她瘫软在床上,喘着气笑骂:“你这‘丰饶孽物’,差点把我的仙舟裙毁了!”穹搂着她,得意地说:“娜塔你下次还得被我‘袭击’。这仙舟风情趣真带劲!”

        客栈房间里,莲花雕纹的木床还在轻微晃动,龙涎香的余味混着两人汗水的咸香,空气中弥漫着暧昧的余韵。

        娜塔莎瘫软在穹怀里,青色纱裙皱巴巴地堆在腰间,露出白皙的双腿和破洞的黑丝袜,脚趾还微微蜷着,显然刚从高潮中缓过来。

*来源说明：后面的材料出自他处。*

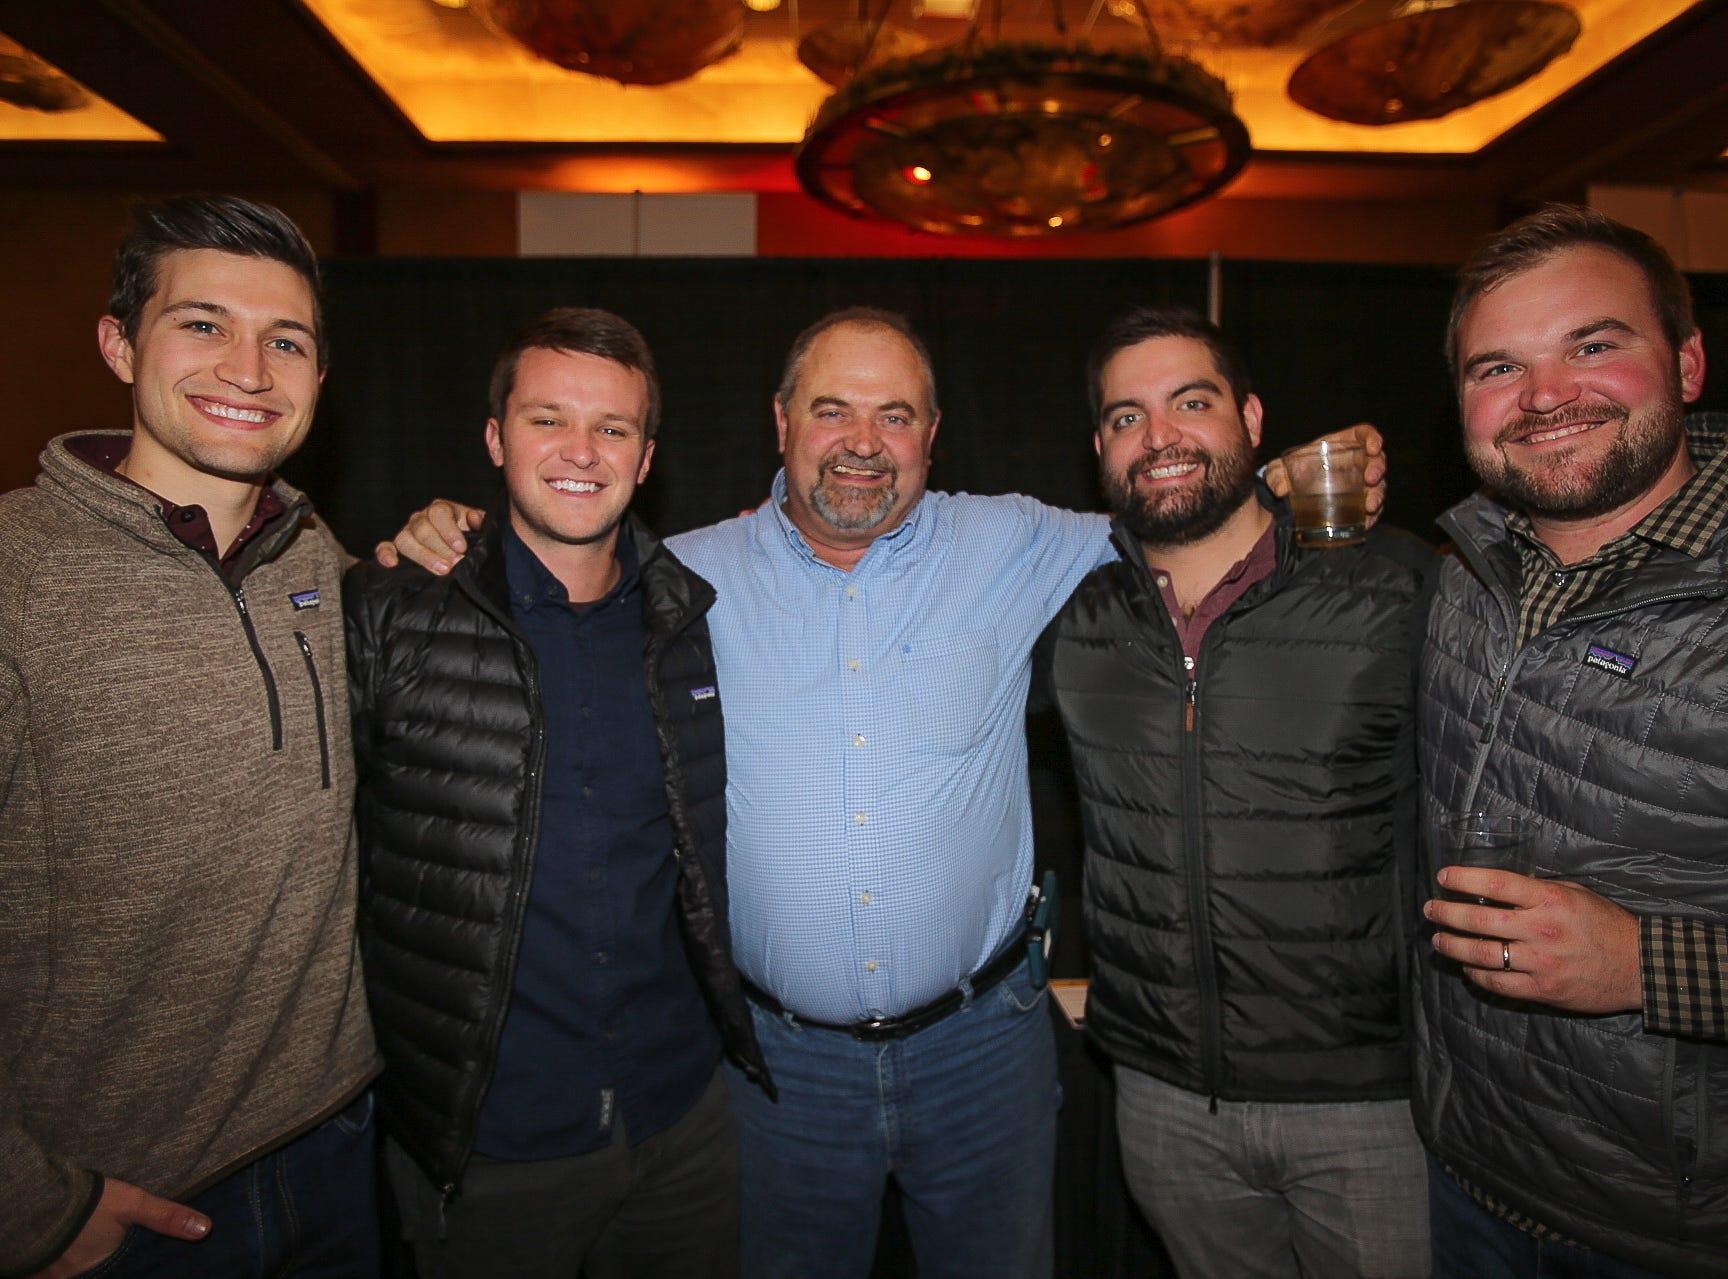 Nick McDowell, Bradley Herschend, Brian and Zeke King, and Dusty Shackelford
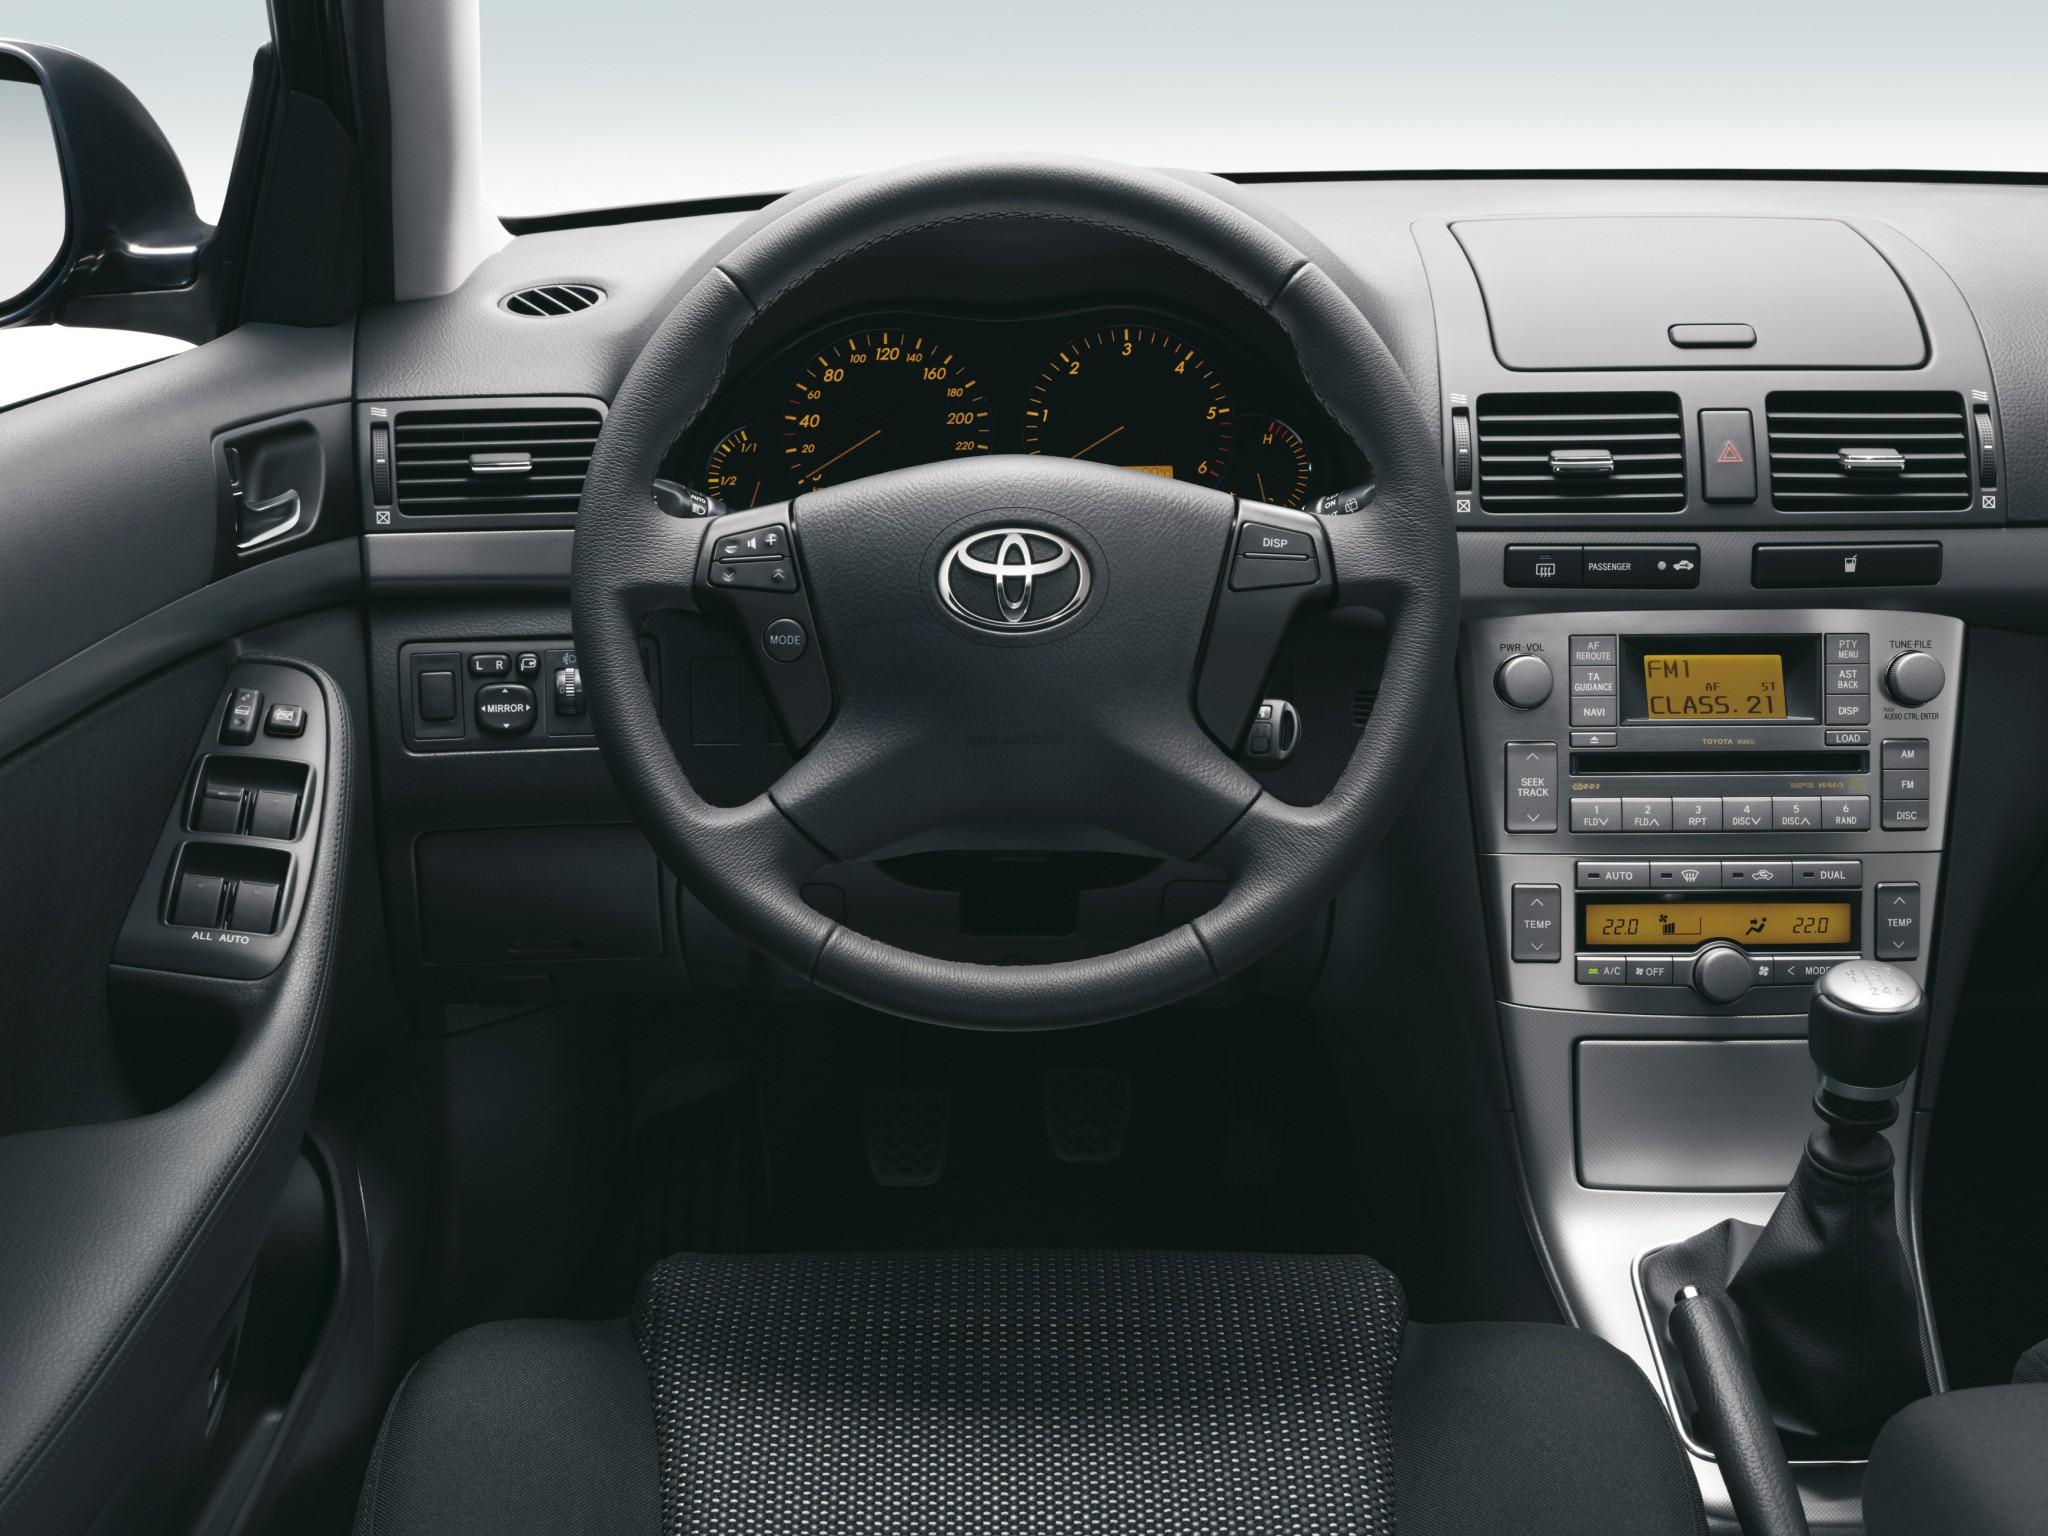 Toyota Avensis 2007 Interior

        她靠在他胸膛上,长发凌乱地散在枕头上,脸颊泛着潮红,眼眸半睁,水光潋滟,像仙舟画卷里的仕女被“丰饶孽物”征服后的娇媚模样。

        她喘着气,眉目含情地抬头看他,声音软绵绵地问:“穹,你对仙舟文化这么喜欢,是不是在罗浮也有女人呀?”

        穹搂着她,闻言嘿嘿直笑,像是被戳中了什么。

        他挠挠头,盘腿坐起来,得意地开始盘点:“这个嘛……仙舟的女人还真不少跟我有点交情。比如你认识的灵砂,丹鼎司的大美人,八面玲珑,老给我塞药方;驭空,天舶司司舵,温柔得像妈妈一样;素裳,云骑军的小辣椒,经常要跟我笔试武艺;桂乃芬,金人巷的街头艺人,拉着我一起表演杂耍,差点把我衣服烧了……”他越说越起劲,手指掰着数,“还有藿藿,小胆鬼,天天抱着尾巴求我帮忙驱邪;符玄太卜,抓青雀时老瞪我,但眼神挺勾人;青雀,牌瘾少女,拉我玩帝垣琼玉输得裤子都快没了;云璃,剑术高超的小姐姐……”他正说得眉飞色舞,突然“哎哟”一声,腿上一疼。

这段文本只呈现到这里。